- _STUDY MATERIAL_
++++++++++++++++++++
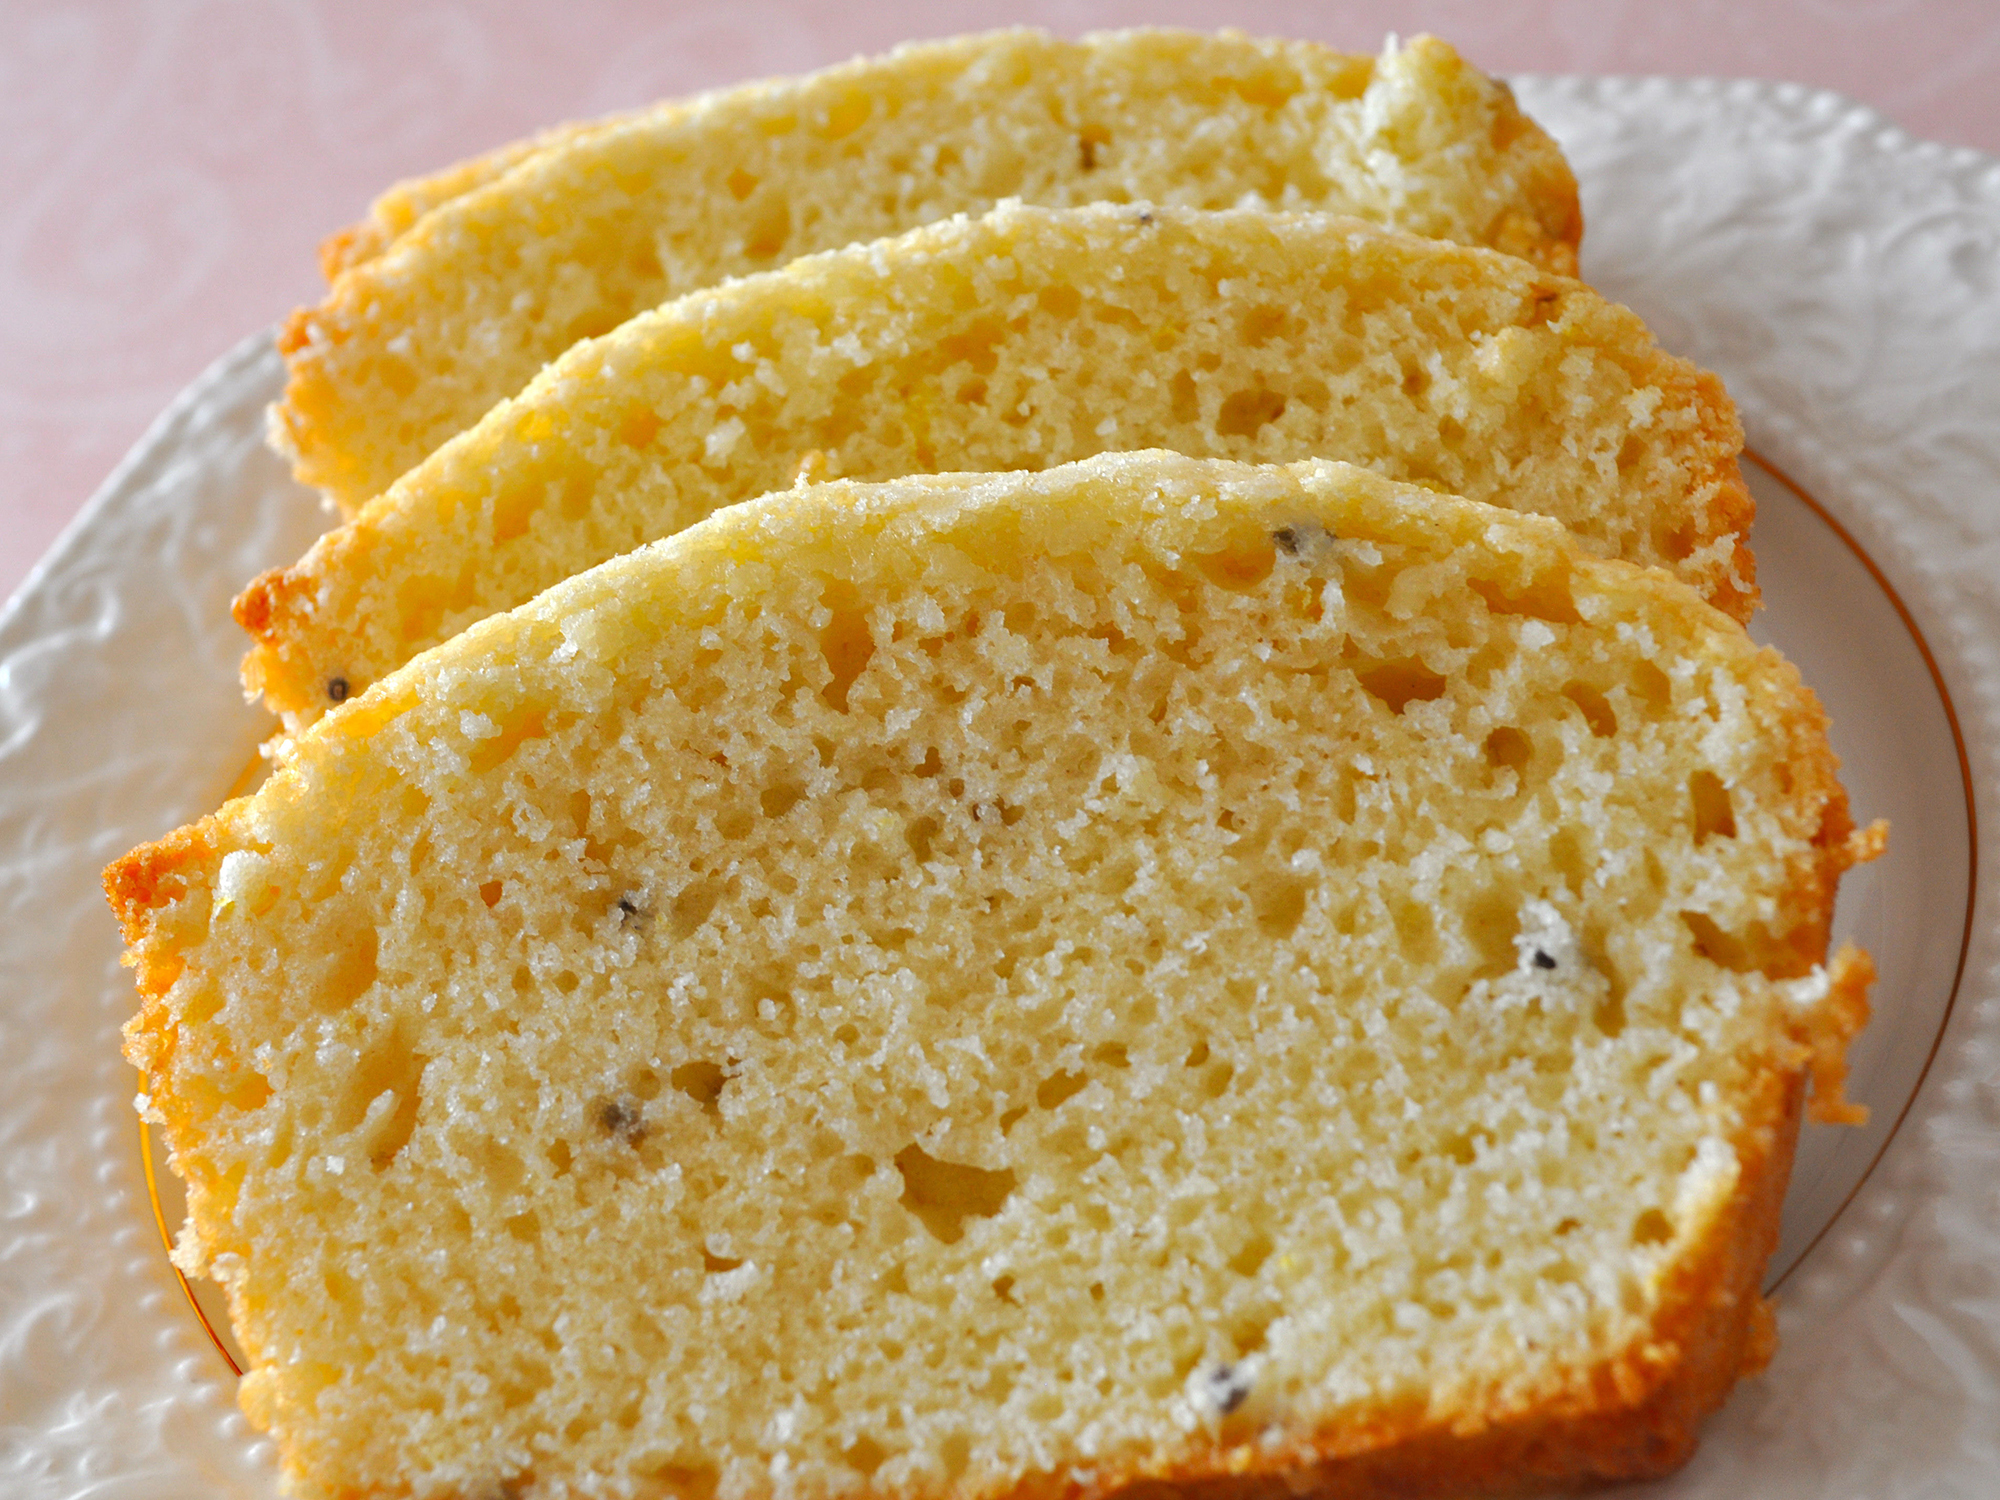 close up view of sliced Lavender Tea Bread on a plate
++++++++++++++++++++
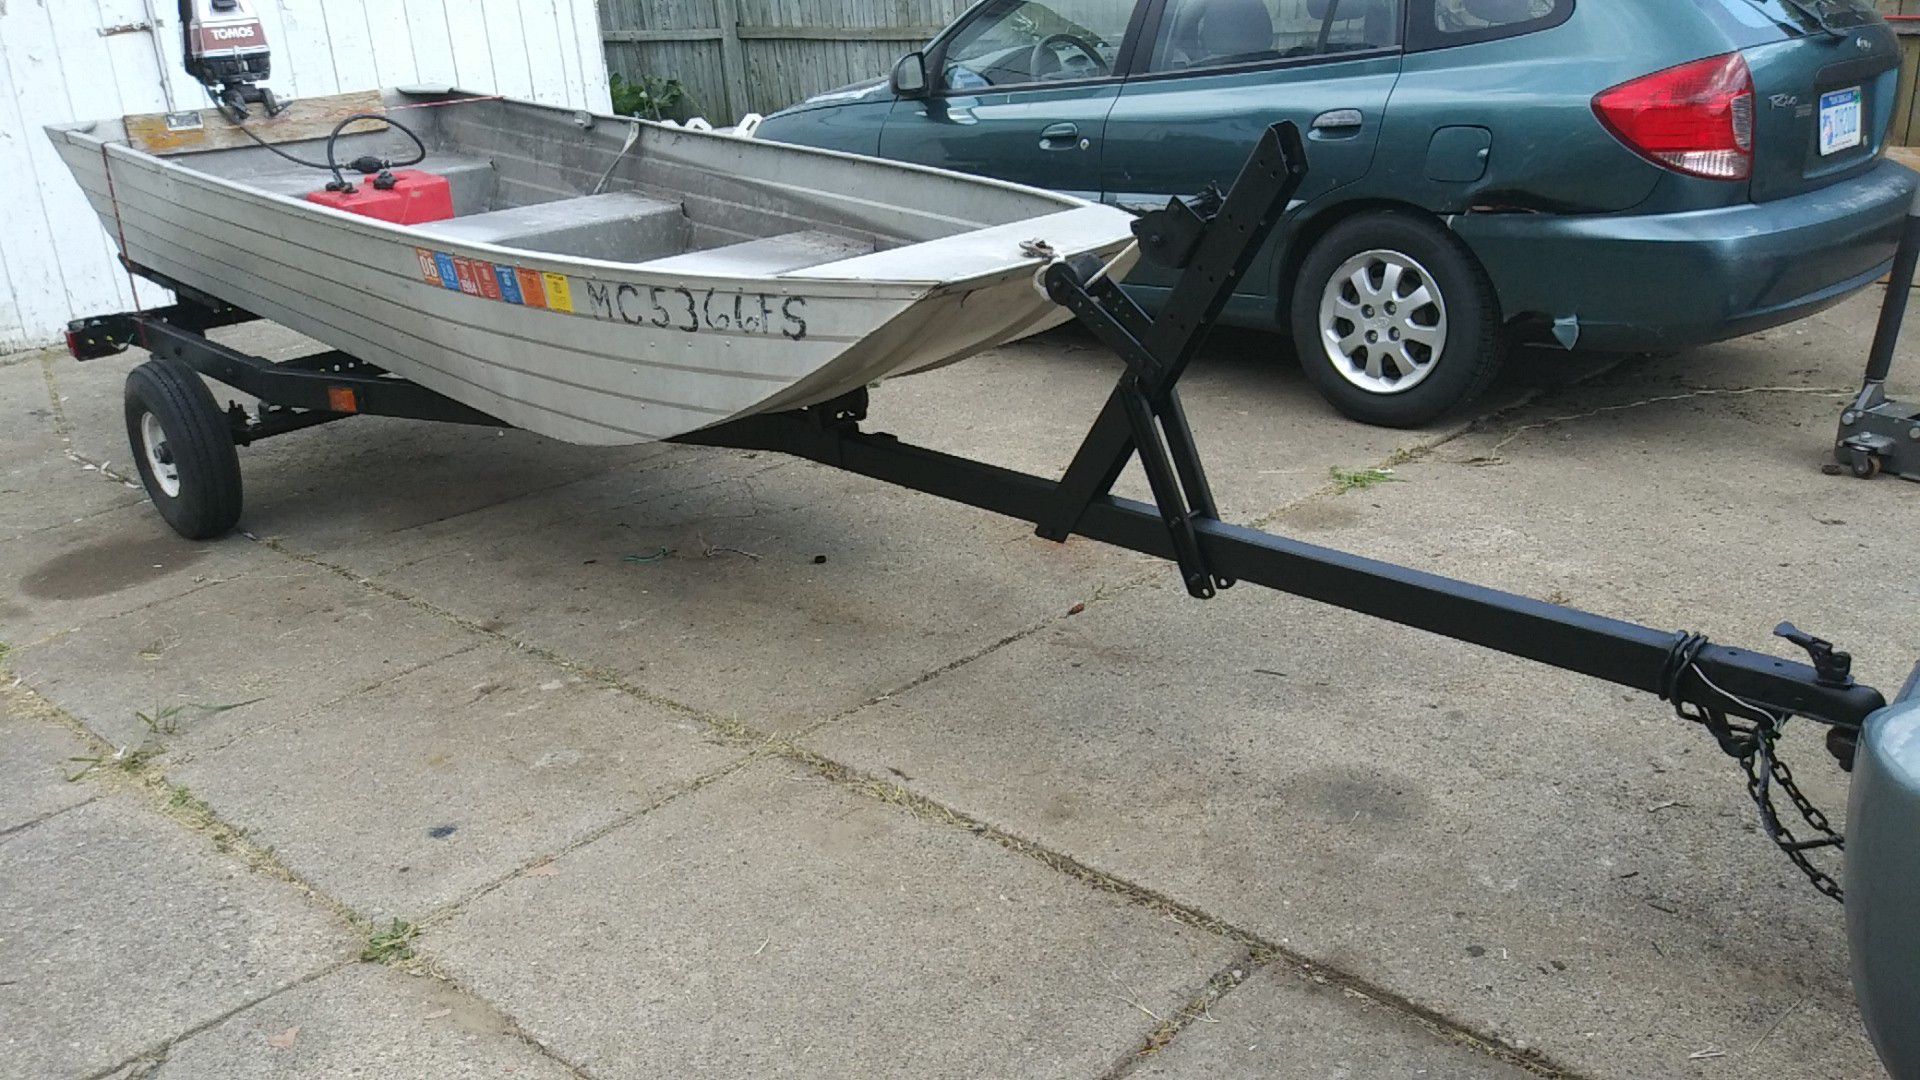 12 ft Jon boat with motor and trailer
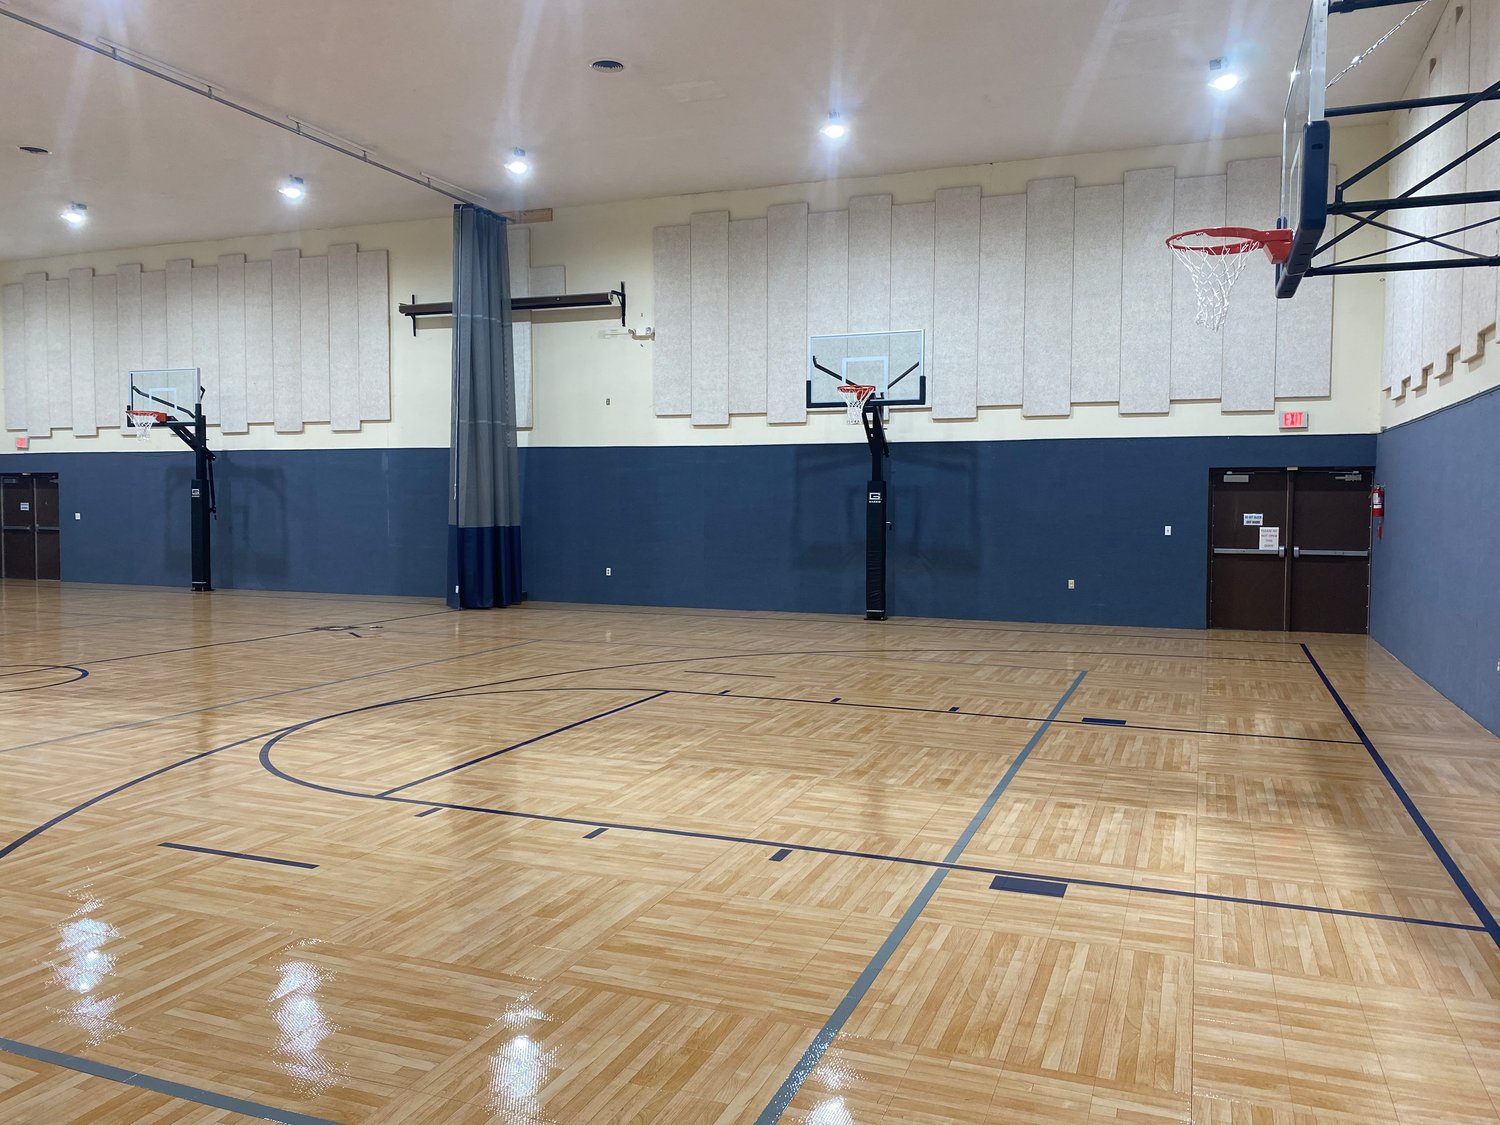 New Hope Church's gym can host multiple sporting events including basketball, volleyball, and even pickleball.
++++++++++++++++++++
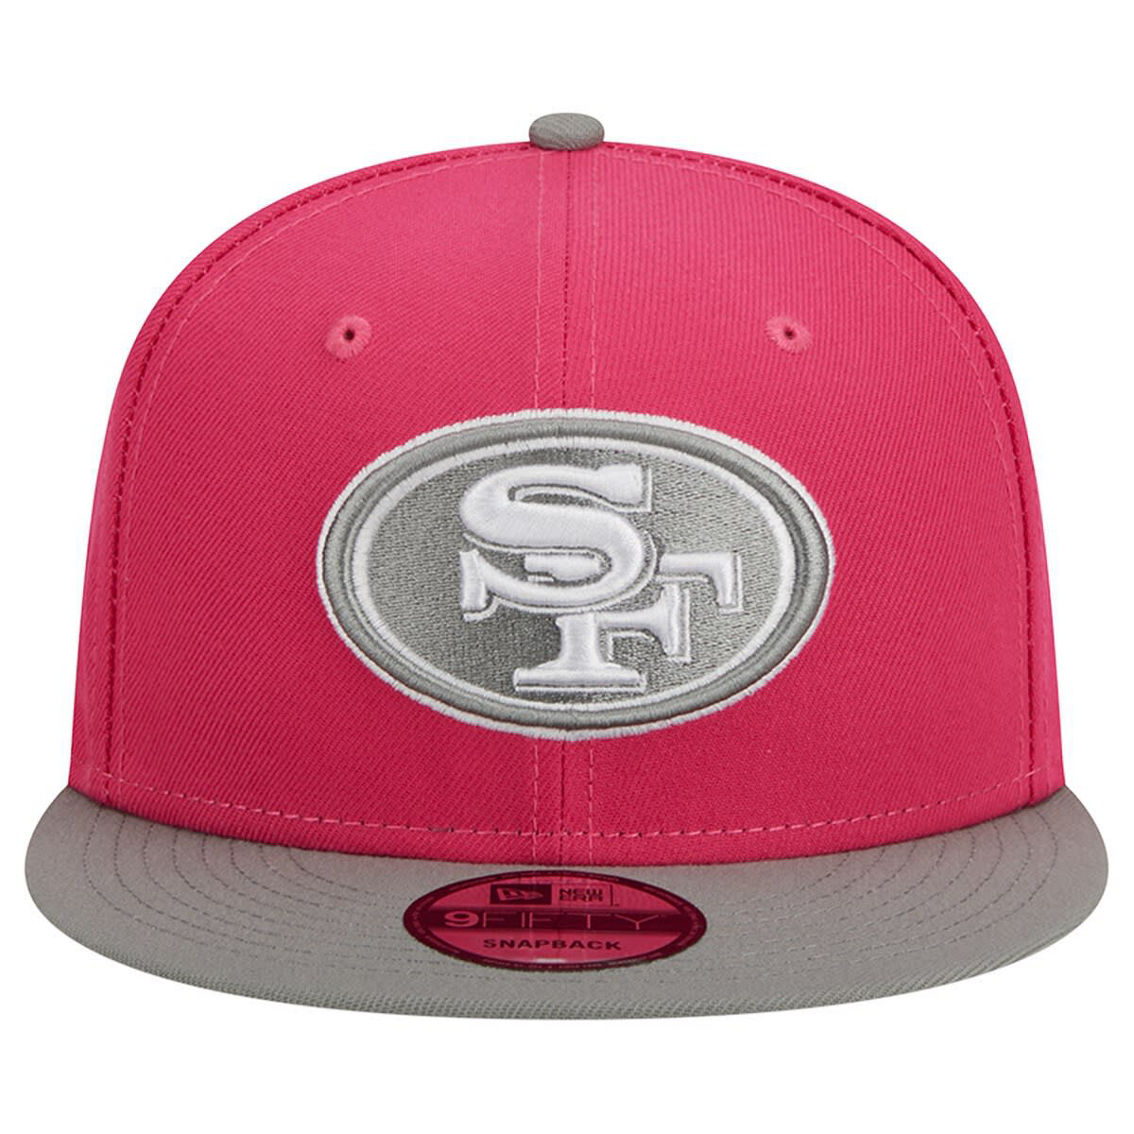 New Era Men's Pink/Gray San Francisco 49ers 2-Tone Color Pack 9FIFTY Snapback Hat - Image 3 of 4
++++++++++++++++++++
Quote the data above exactly from the line with "12 ft Jon boat with motor and trailer" to the line with "New Hope Church's", both ends counted, and nothing else. Pictures don't go in.

- _RESULT OF THIS TASK_
 12 ft Jon boat with motor and trailer
 New Hope Church's gym can host multiple sporting events including basketball, volleyball, and even pickleball.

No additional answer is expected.